- _Task to carry out_
The expected answer is the set of lines in the data below between the line holding "Between Air and" and the line holding "3D Felgenkonfigurator Fahrzeugfarbe wählen", inclusive, written out exactly.

- _Record excerpts_
====

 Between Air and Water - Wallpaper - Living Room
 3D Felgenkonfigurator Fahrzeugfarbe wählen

====

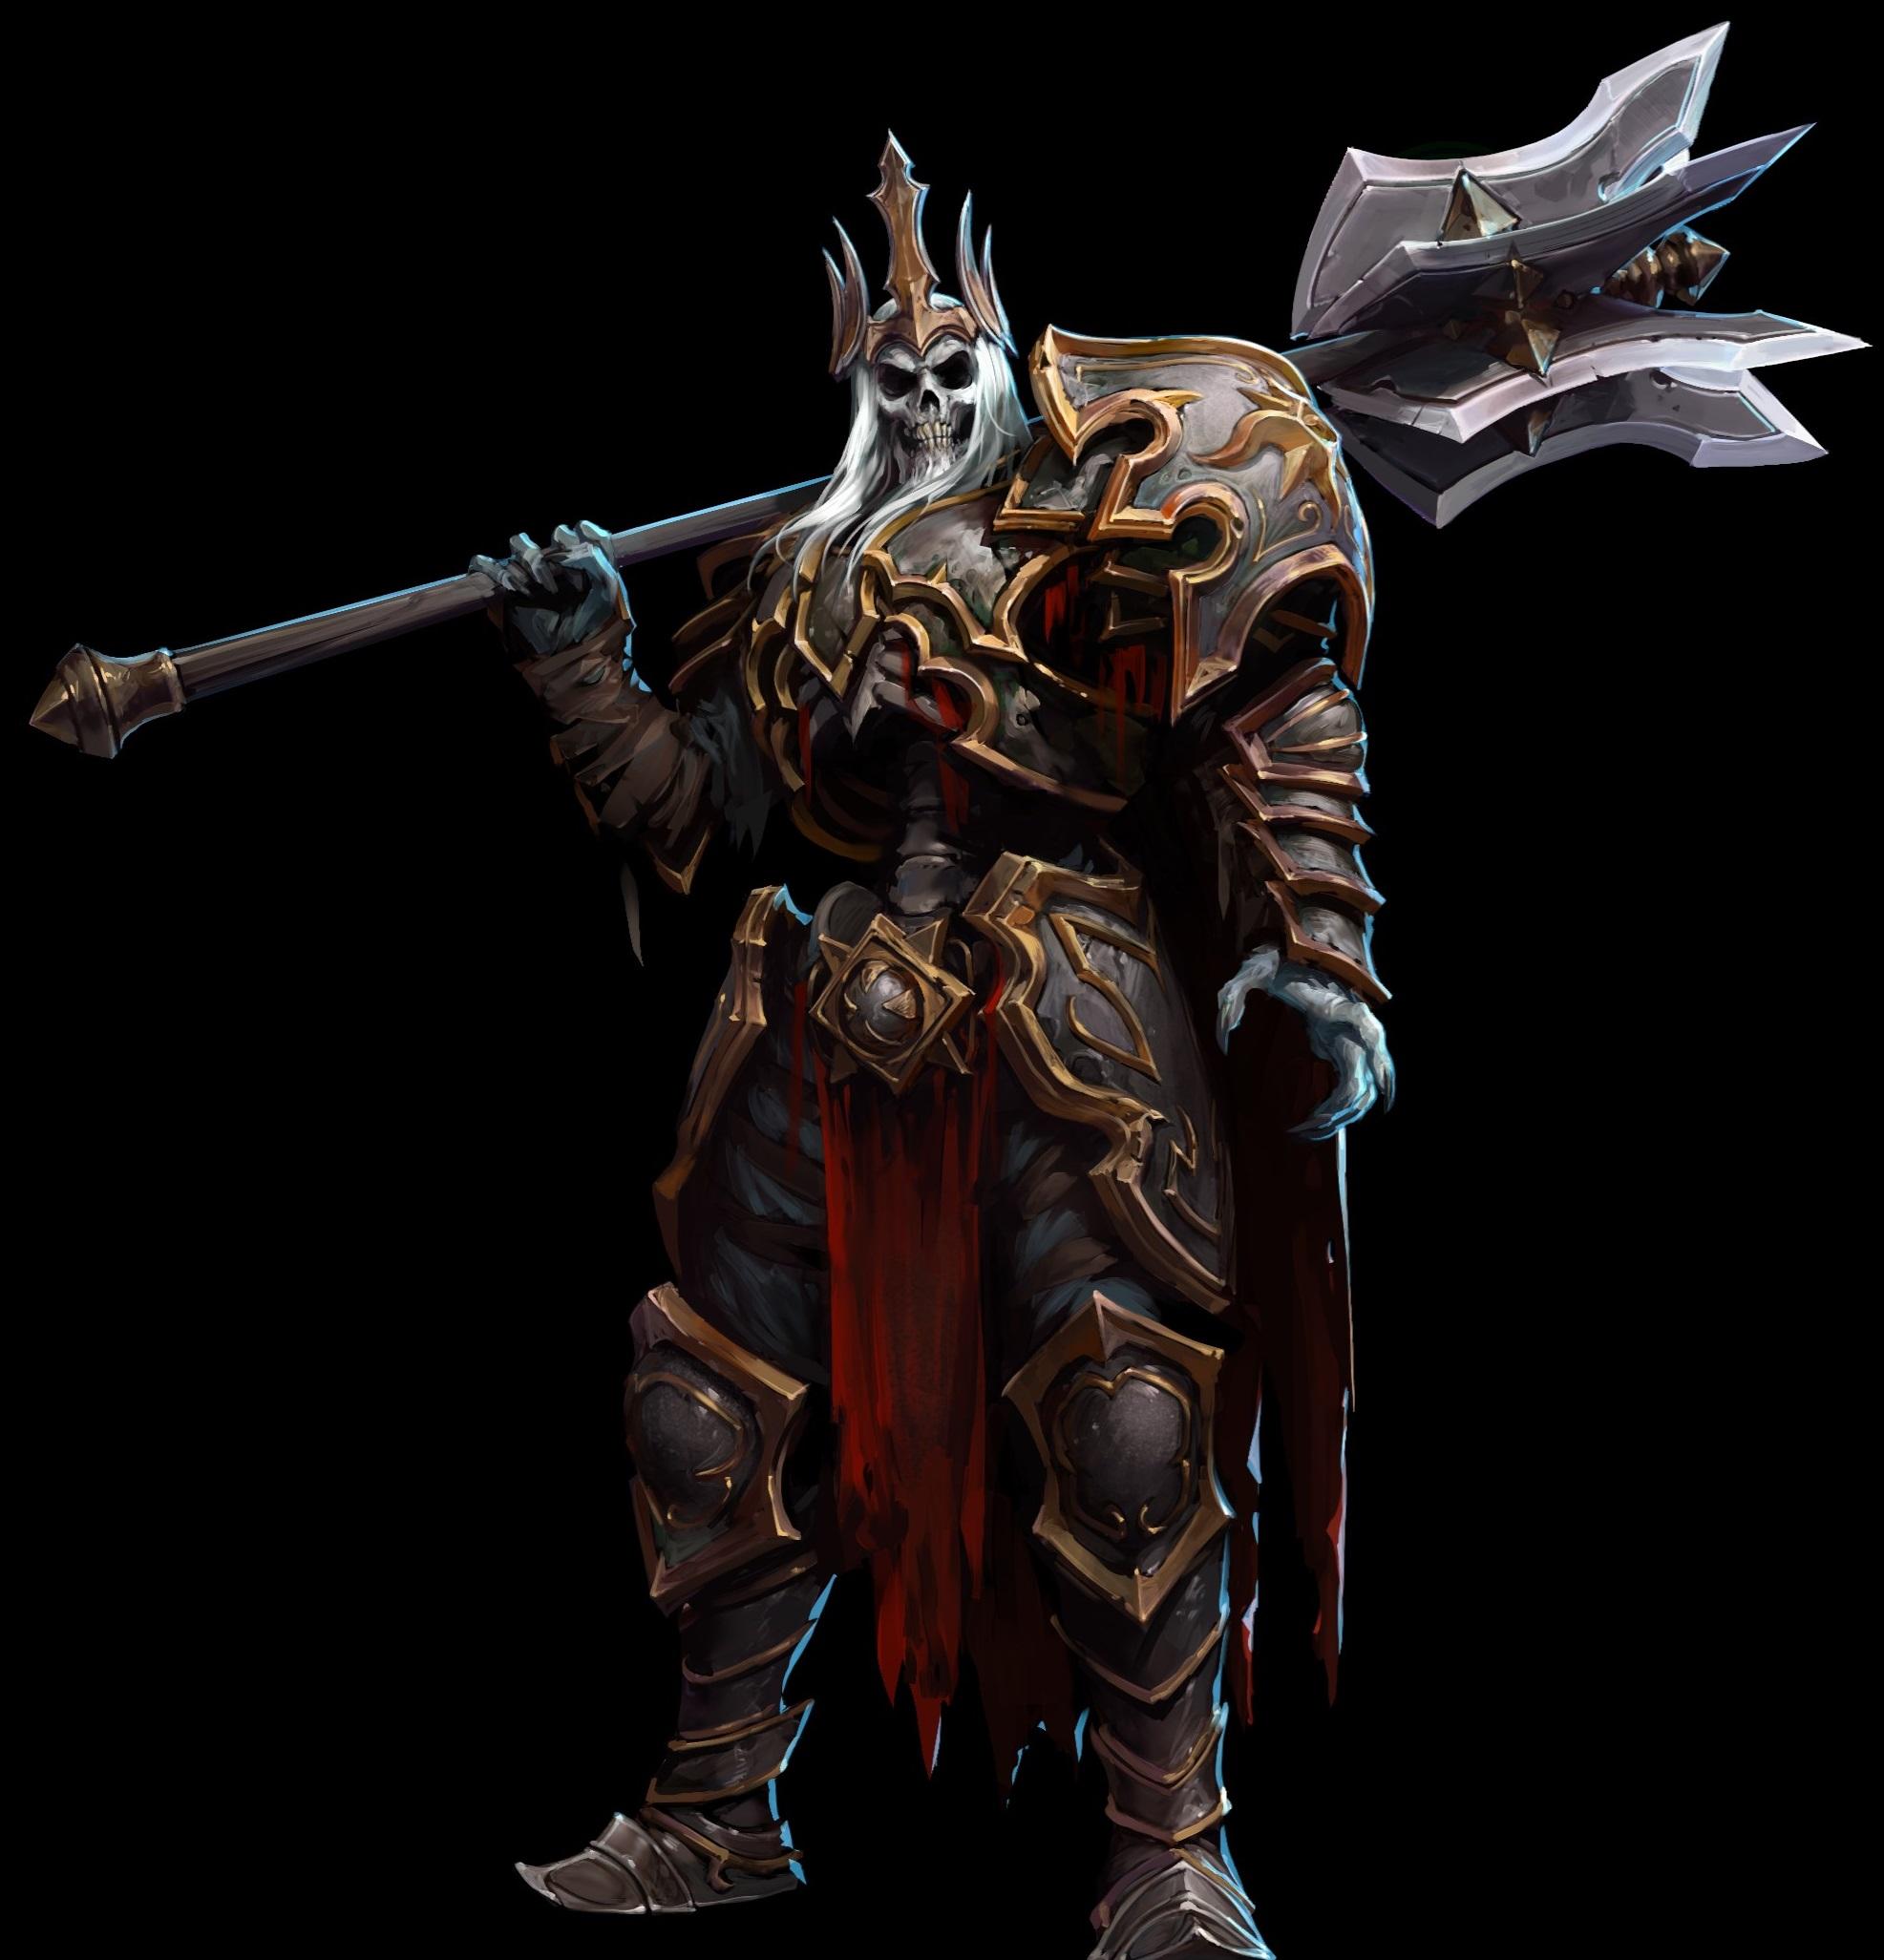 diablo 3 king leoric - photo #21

====

- _Response to the exercise_
 Between Air and Water - Wallpaper - Living Room
 3D Felgenkonfigurator Fahrzeugfarbe wählen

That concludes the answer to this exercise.